Exercise data:
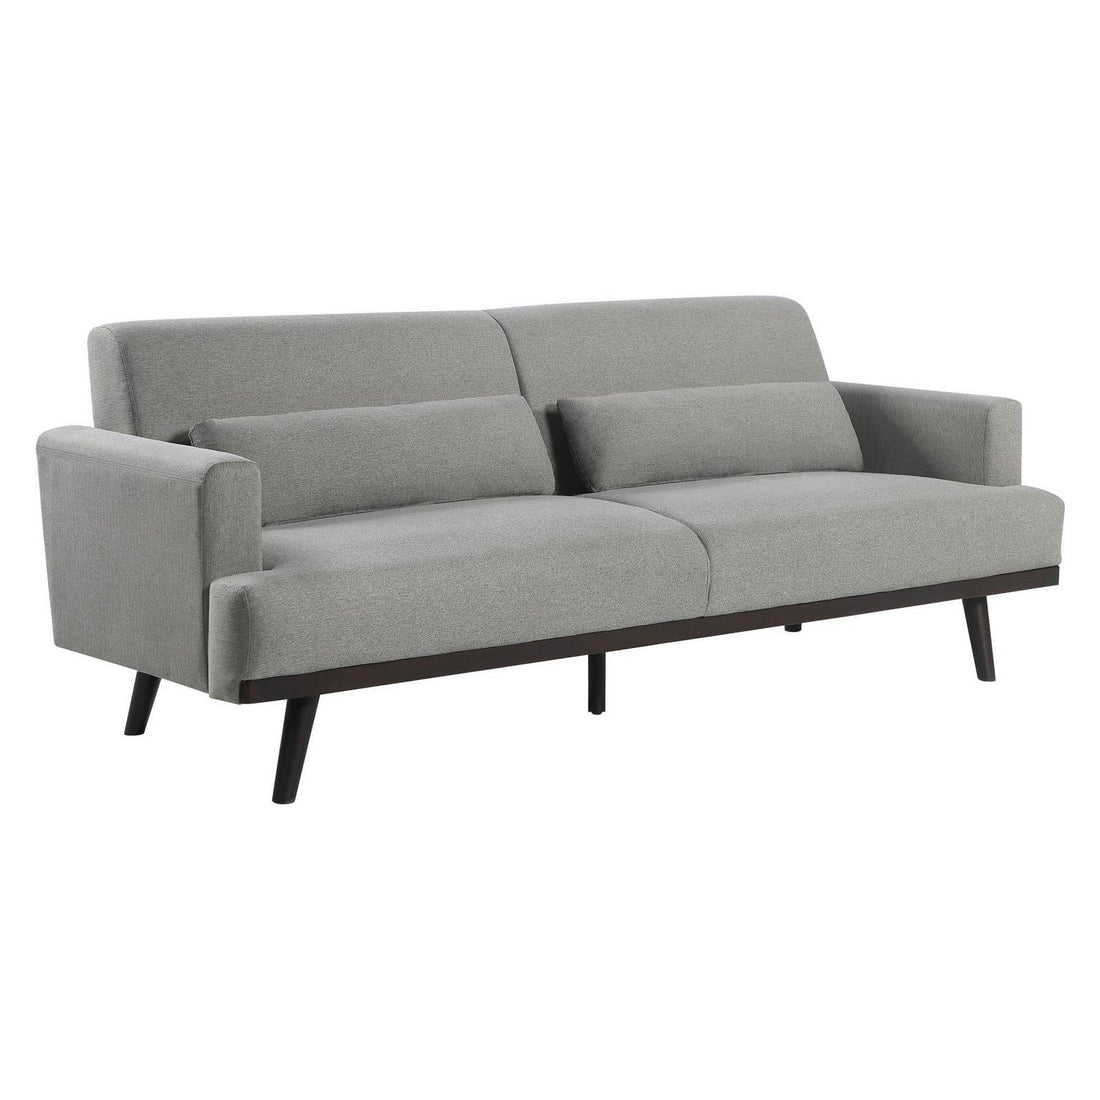 Blake Upholstered Sofa with Track Arms Sharkskin and Dark Brown 511121
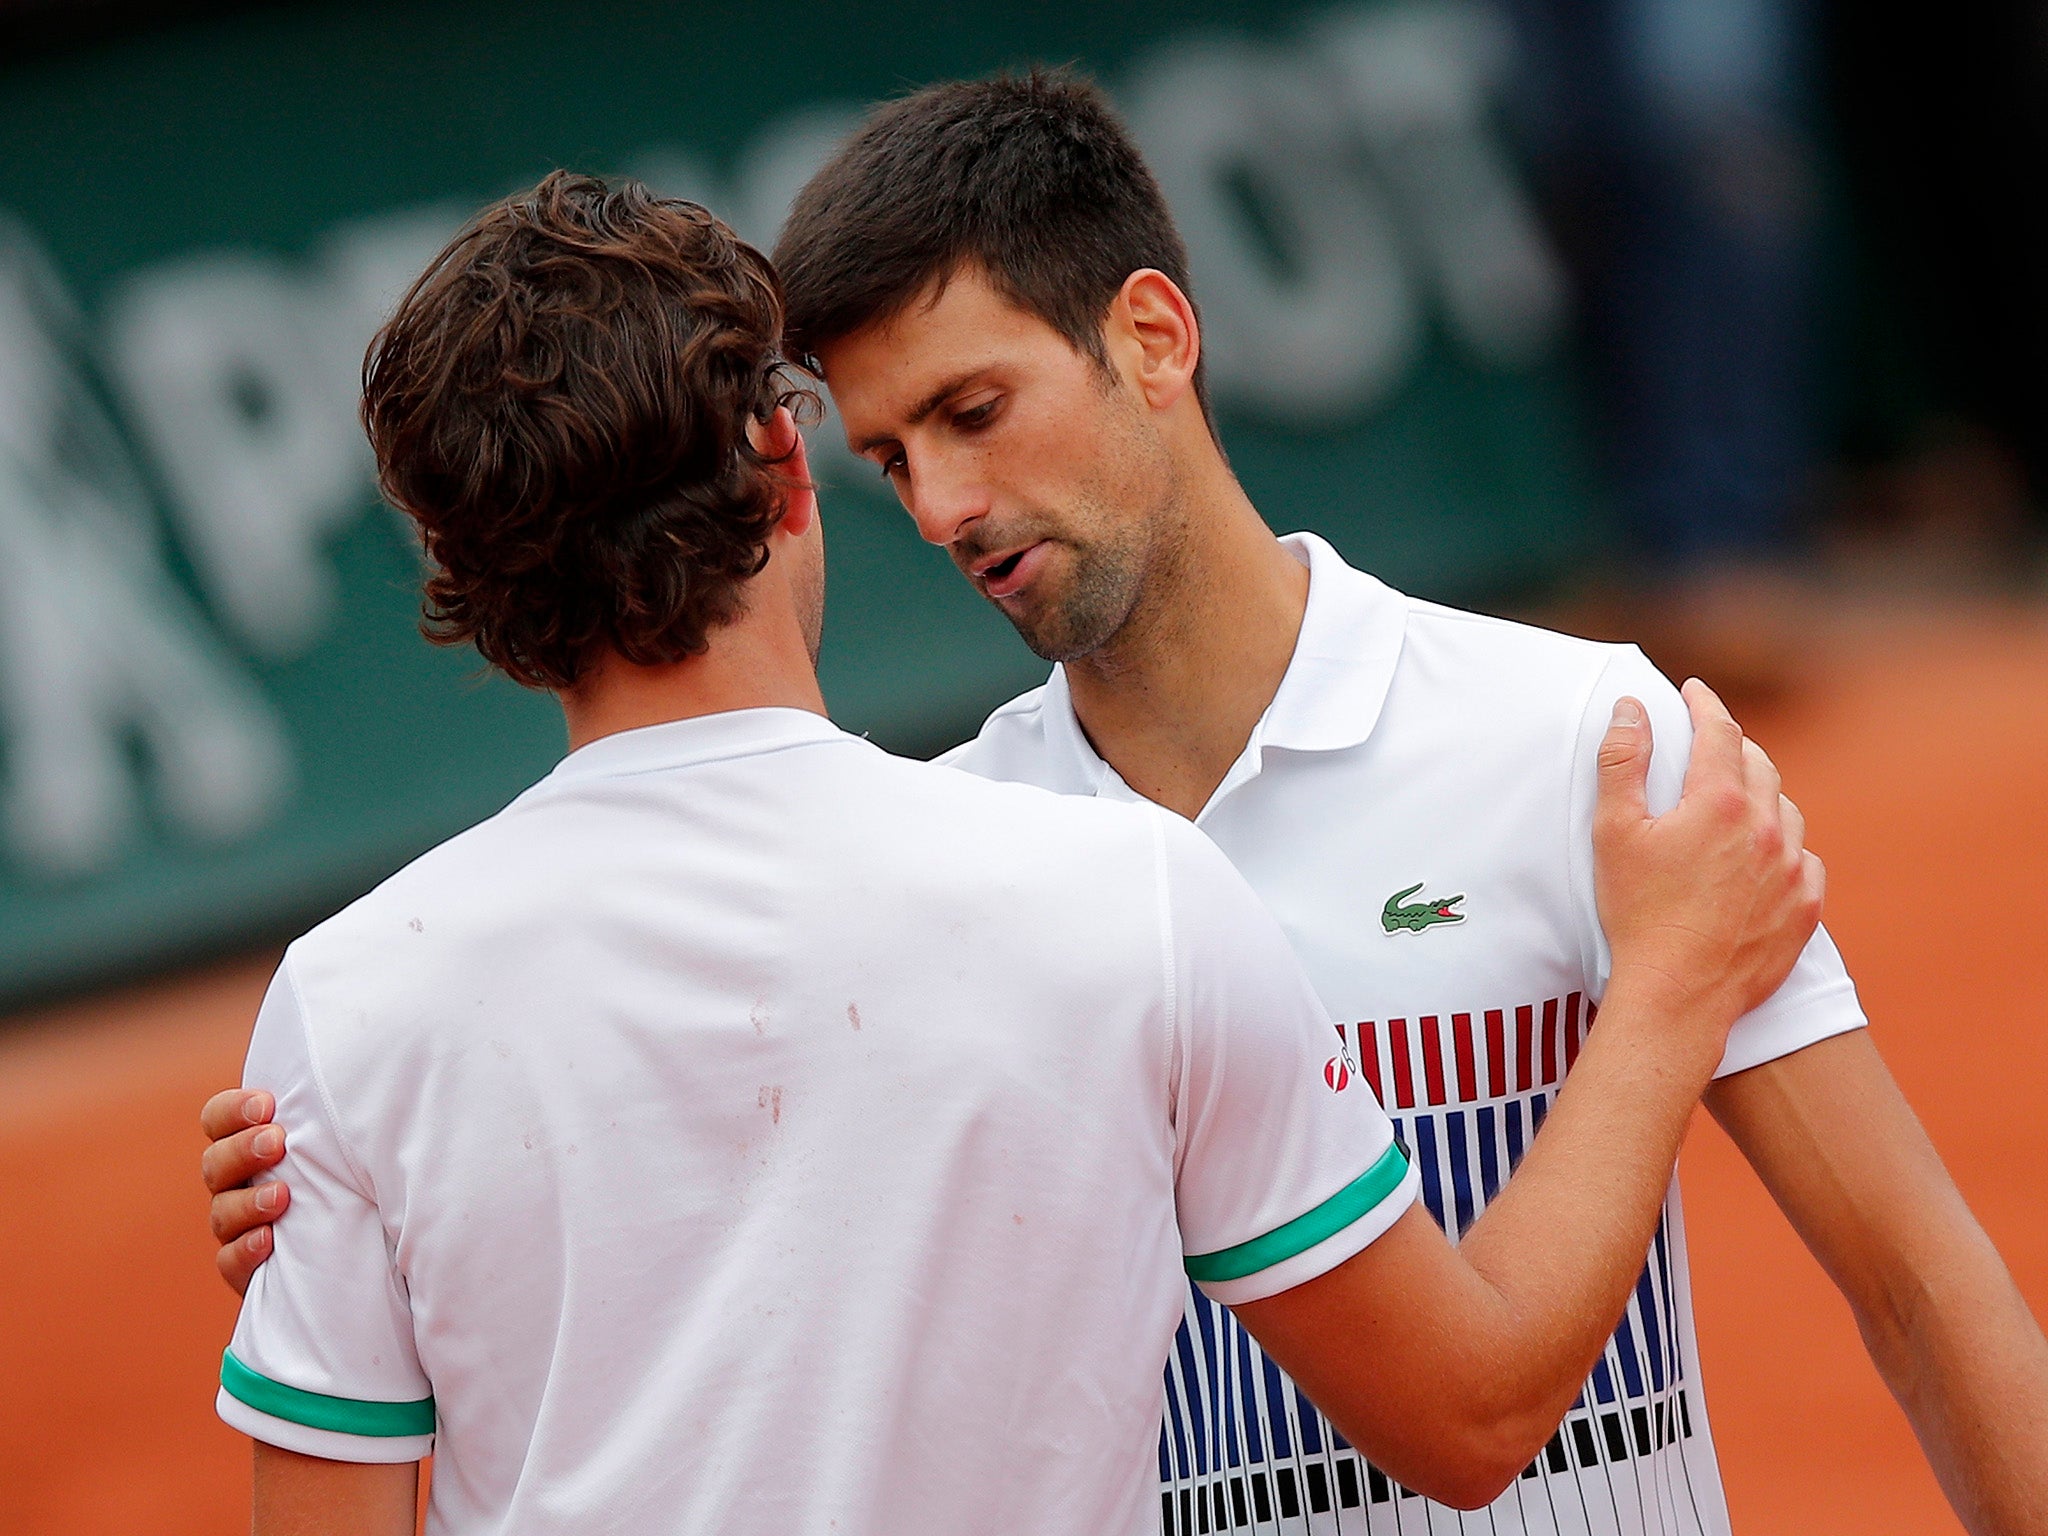 Djokovic was aiming to face Nadal in the semi-finals
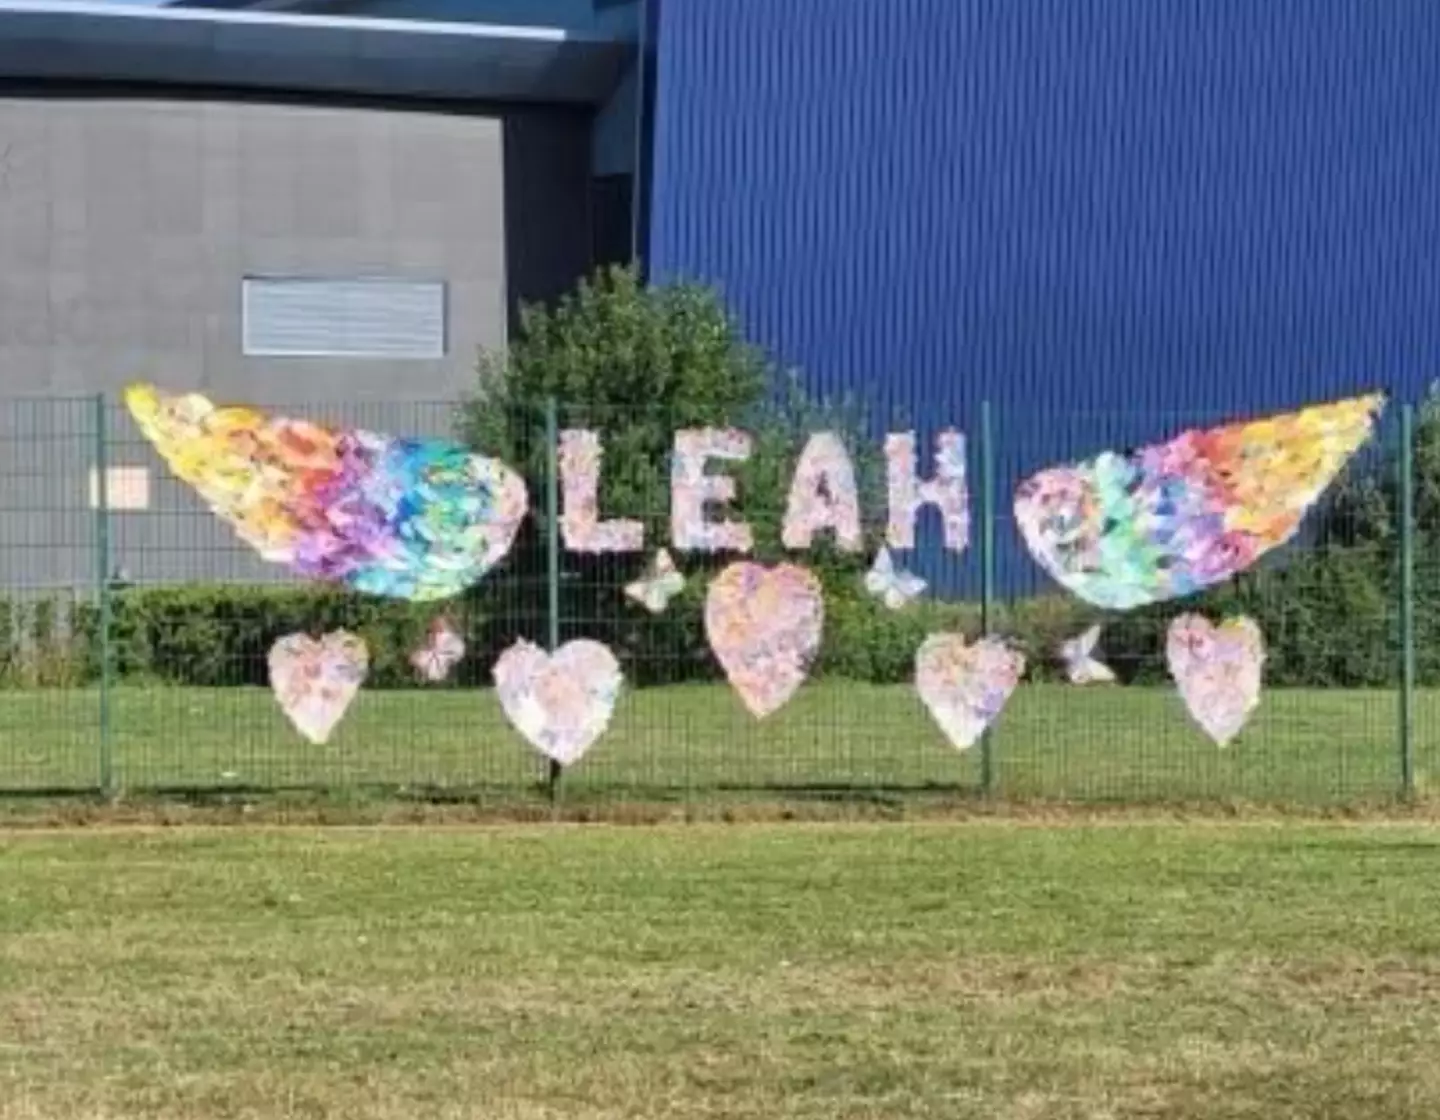 Leah's friends and family have paid tribute to her.
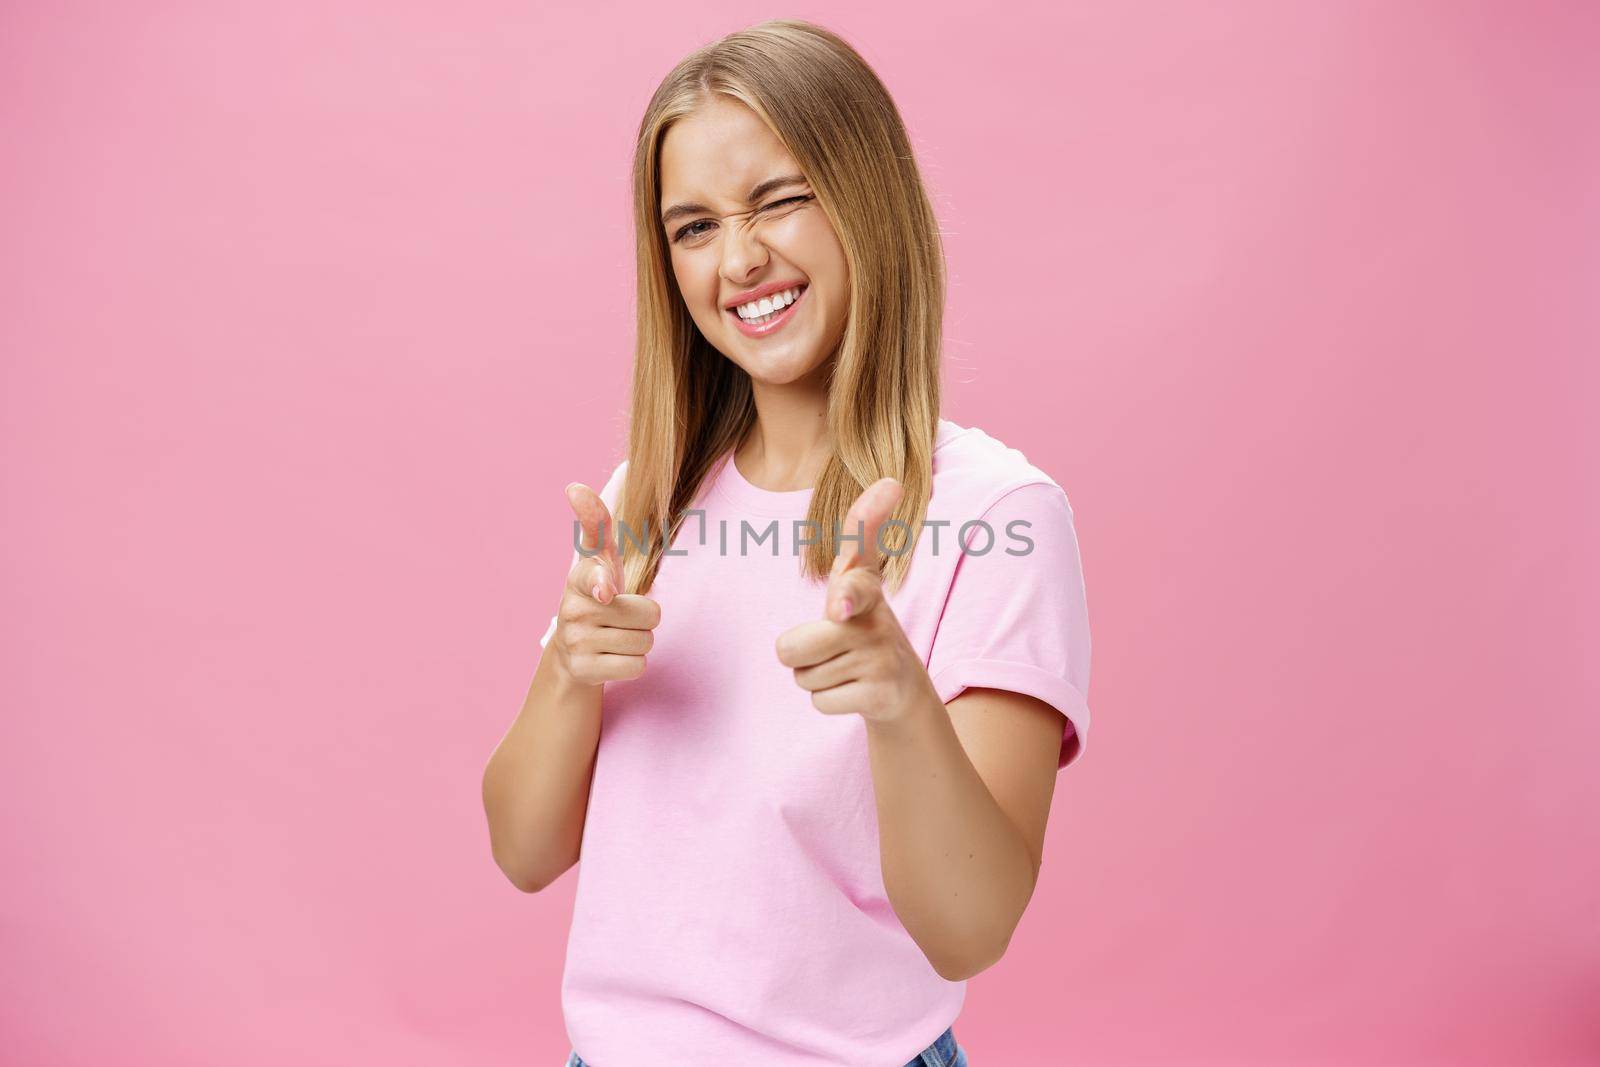 Woman expressing positive attitude towards camera pointing with fingers and winking joyfully smiling being uplifted, standing in good mood with optimistic gestures against pink background. Copy space
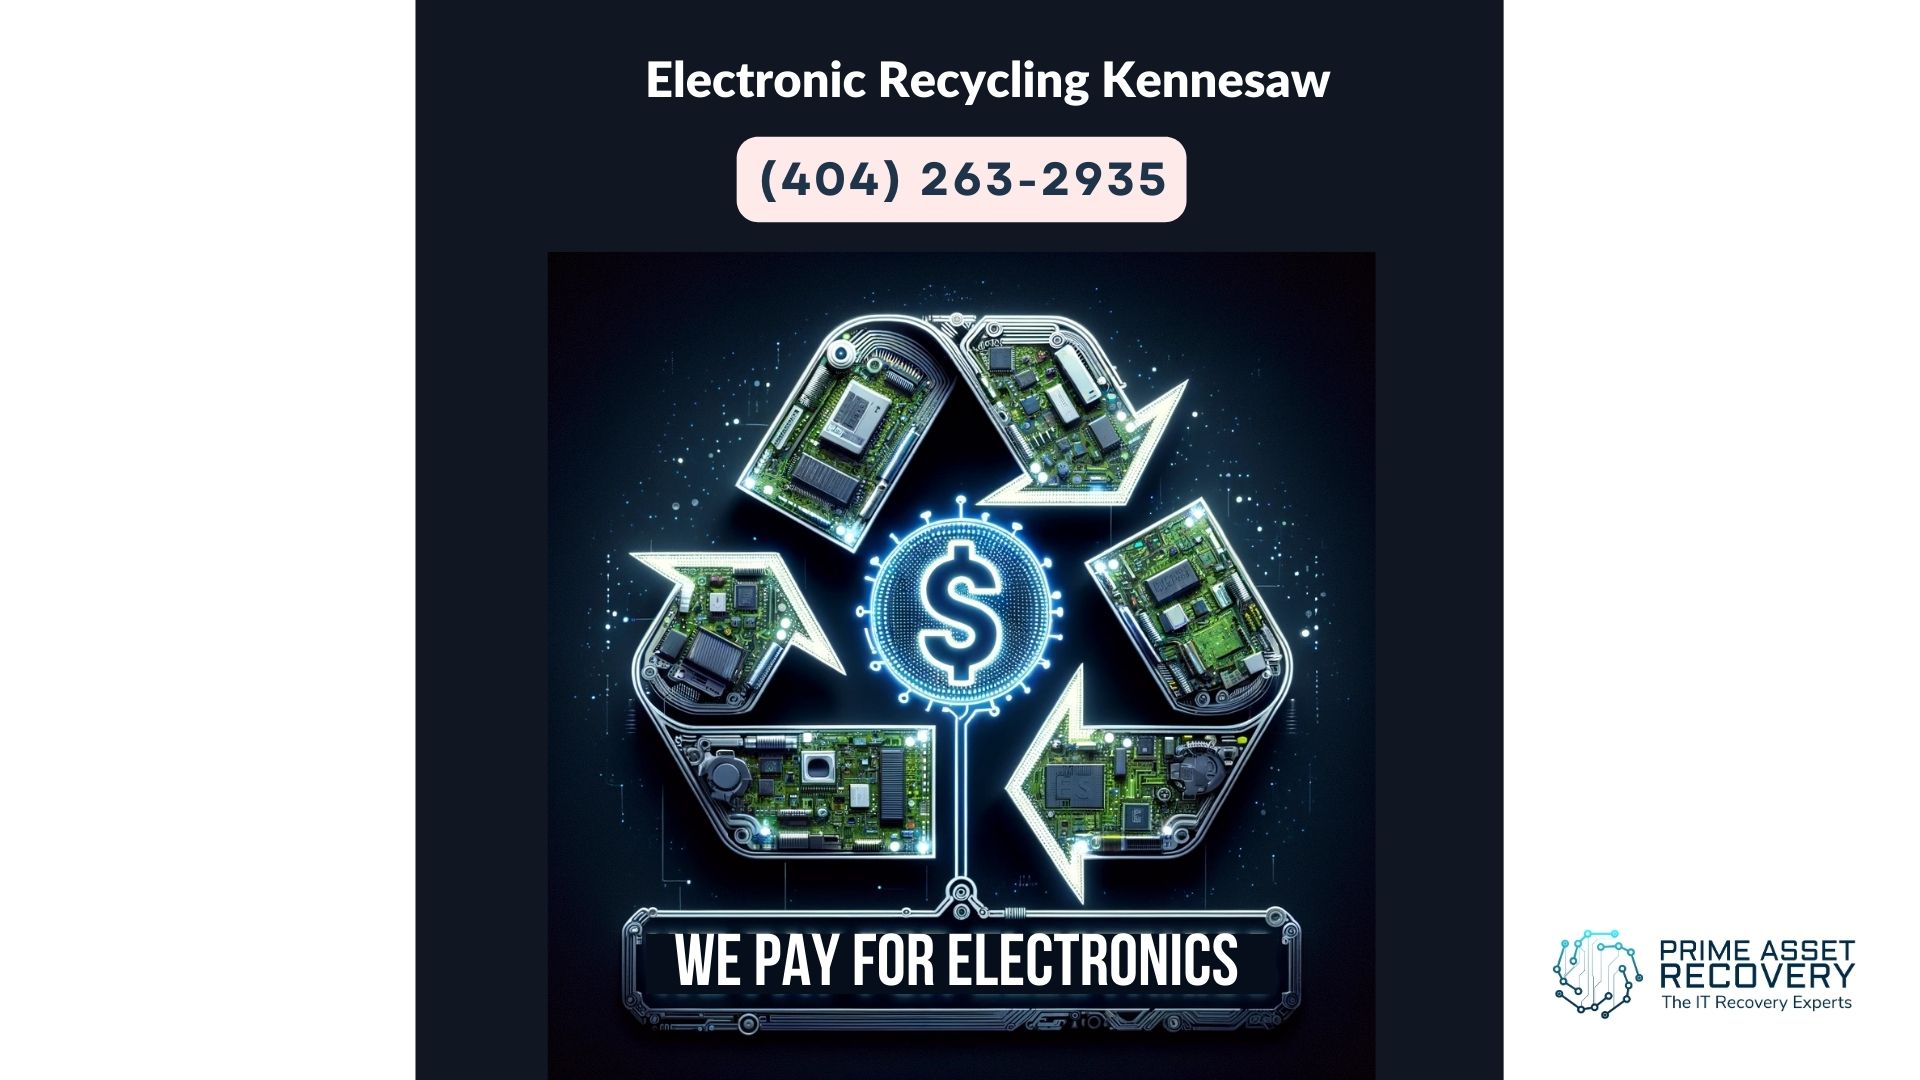 Electronic Recycling Kennesaw- Prime Asset Recovery Your Partner in Responsible Electronics Recycling

Task to carry out:
From the material above, reproduce only what runs from the line holding "Leah's friends and" down to the line holding "Woman expressing positive", both included, pictures excluded.

Exercise answer:
 Leah's friends and family have paid tribute to her.
 Woman expressing positive attitude towards camera pointing with fingers and winking joyfully smiling being uplifted, standing in good mood with optimistic gestures against pink background. Copy space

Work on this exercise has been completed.